Reason: Magnification has a specific meaning in photography. It means the size (eg in mm) of the subject projected onto the image sensor plane (or film plane) compared to the actual size of the subject itself (eg in mm). The size of the sensor is irrelevant as it doesn't affect the size of the projection. 1:1 magnification (true macro) means that an object that is x mm wide will be projected at a size of the same x mm at the sensor plane. The crop factor of the camera will then determine how much of the sensor/frame is filled by that subject..
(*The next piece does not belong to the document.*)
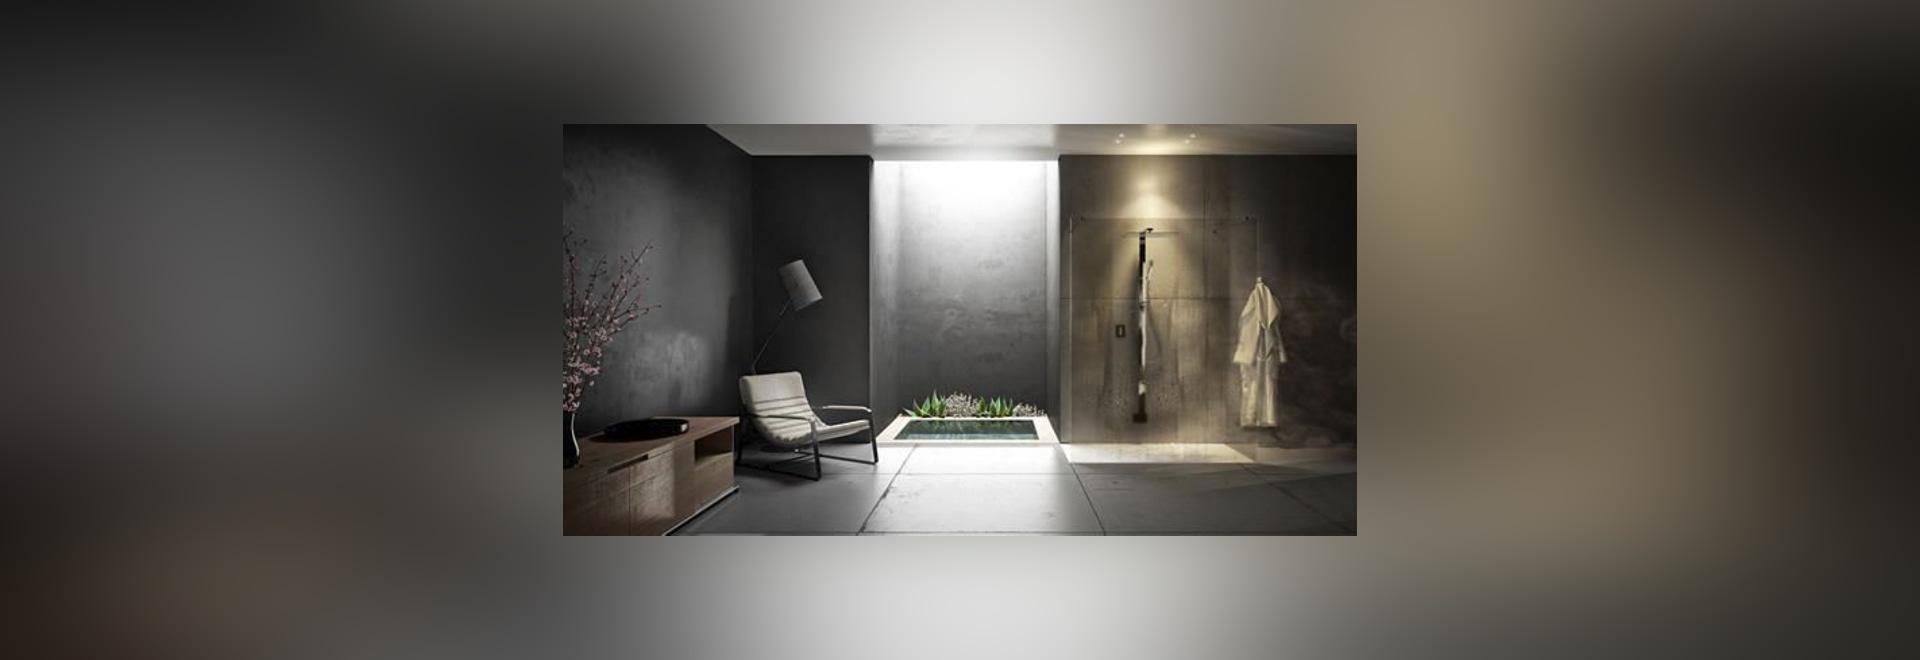 VEHLA_MYSLIM durch CARIMALI Entwurf shower_space

In practical terms: All that aside, using a lens of the same FL at the same distance from the subject with a more cropped camera will result in the subject filling more of the captured frame. It's common to state what FL lens would be needed on a FF camera to provide the same framing from the same shooting distance as the lens in question on the cropped body. The issue of magnification is only one of terminology..
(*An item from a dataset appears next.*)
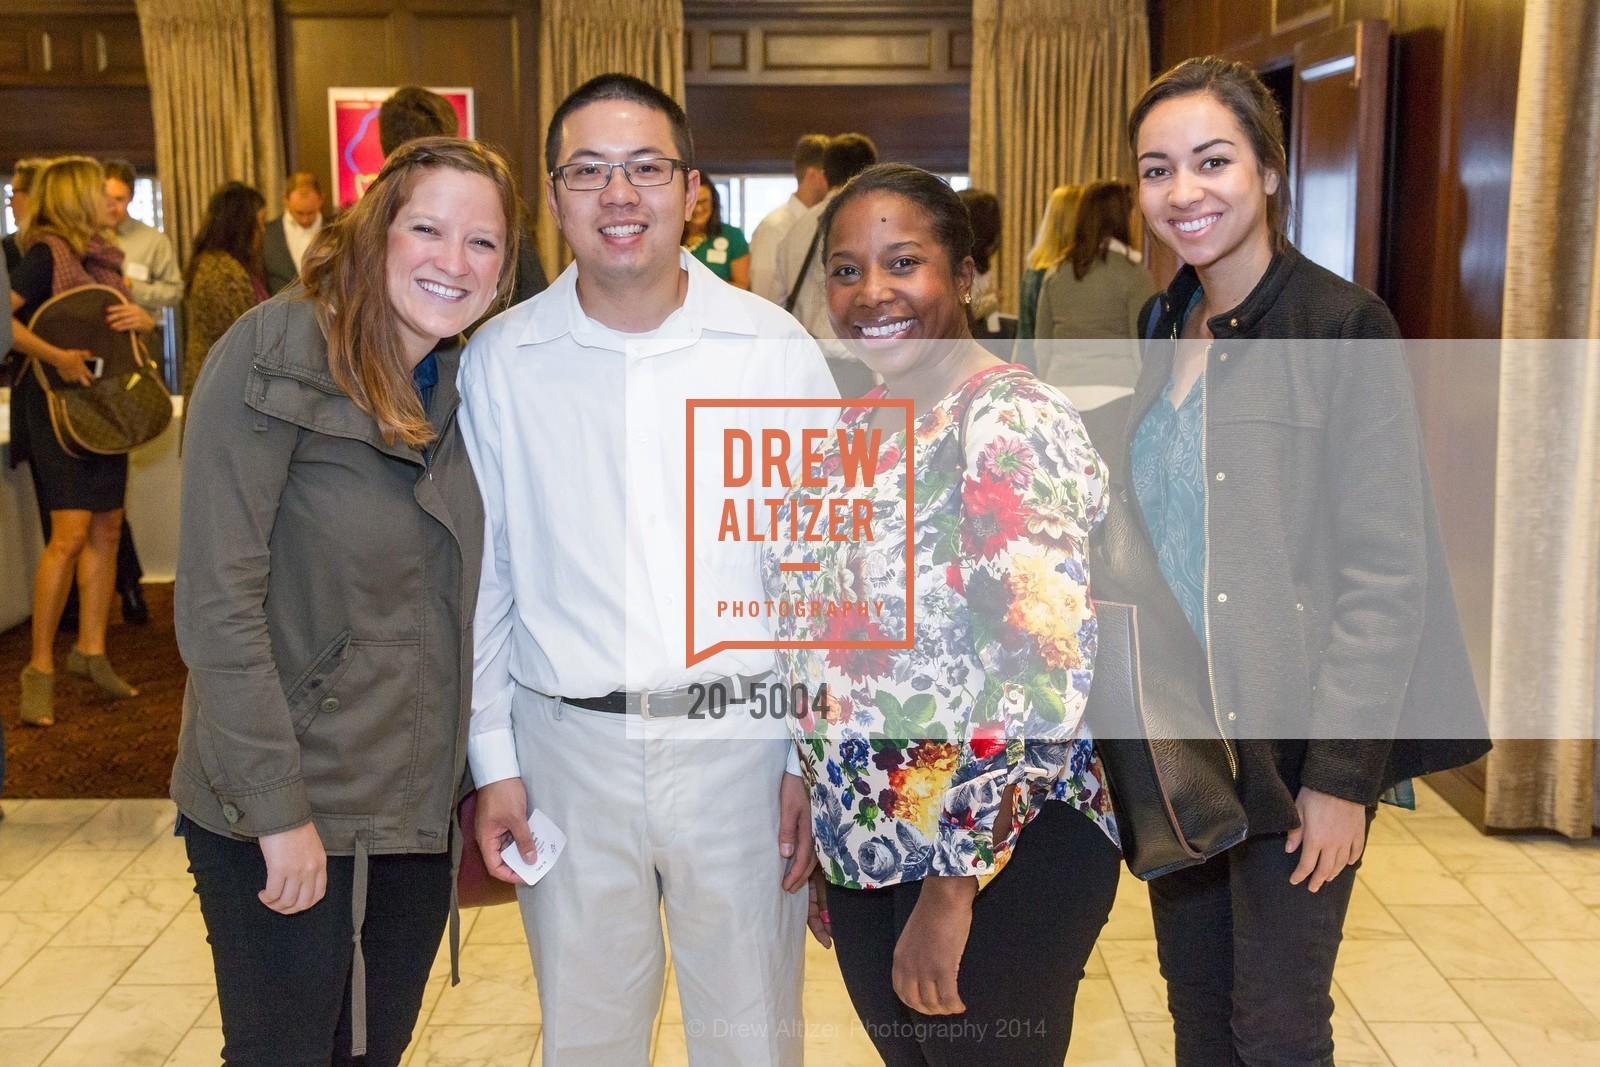 Kelly Salance, Eric Lin, Tiffany Thompson, Hannah Lawrence, Photo #20-5004

Myth: f-stop is the same as aperture..

Reason: The aperture is the size (diameter) of the iris/opening between the aperture blades that lets light through the lens. f-stop or f/ratio is a ratio between the focal length of the lens and the size of the aperture..

In practical terms: f-stop is easy to set and know, whereas aperture has to be calculated, so aperture isn't generally used. However, image sensor pixel density aside, depth of field is largely determined by focus distance and aperture (not f-stop). Larger focus distance mens larger DOF. Larger aperture means smaller DOF. For a given FL, increasing the f-stop reduces the aperture size and increases DOF. Likewise, for a given f-stop, increasing FL increases the size of the aperture and decreases DOF.



Myth: When shooting from the same position, changing the lens FL or changing the camera crop factor change the image perspective..

Reason: Perspective is the relationship between the elements of the image, not how the image is framed. When shooting from the same spot, the elements of the image are exactly the same with respect to each other as each path from the lens to any part of the scene can't change..

In practical terms: A longer lens from the same position won't foreshorten the perspective when compared with using a wider angle lens on a cropped body from the same position. If the f-stop isn't changed, DOF will change, with the longer lens resulting in a shallower DOF. However, the relative sizes of elements in the scene won't change, even if the framing of the scene changes from this same position because the difference in FL doesn't match the change in crop size. Paths of light from the parts of the scene to the camera can't alter when shooting from the same position and change perspective..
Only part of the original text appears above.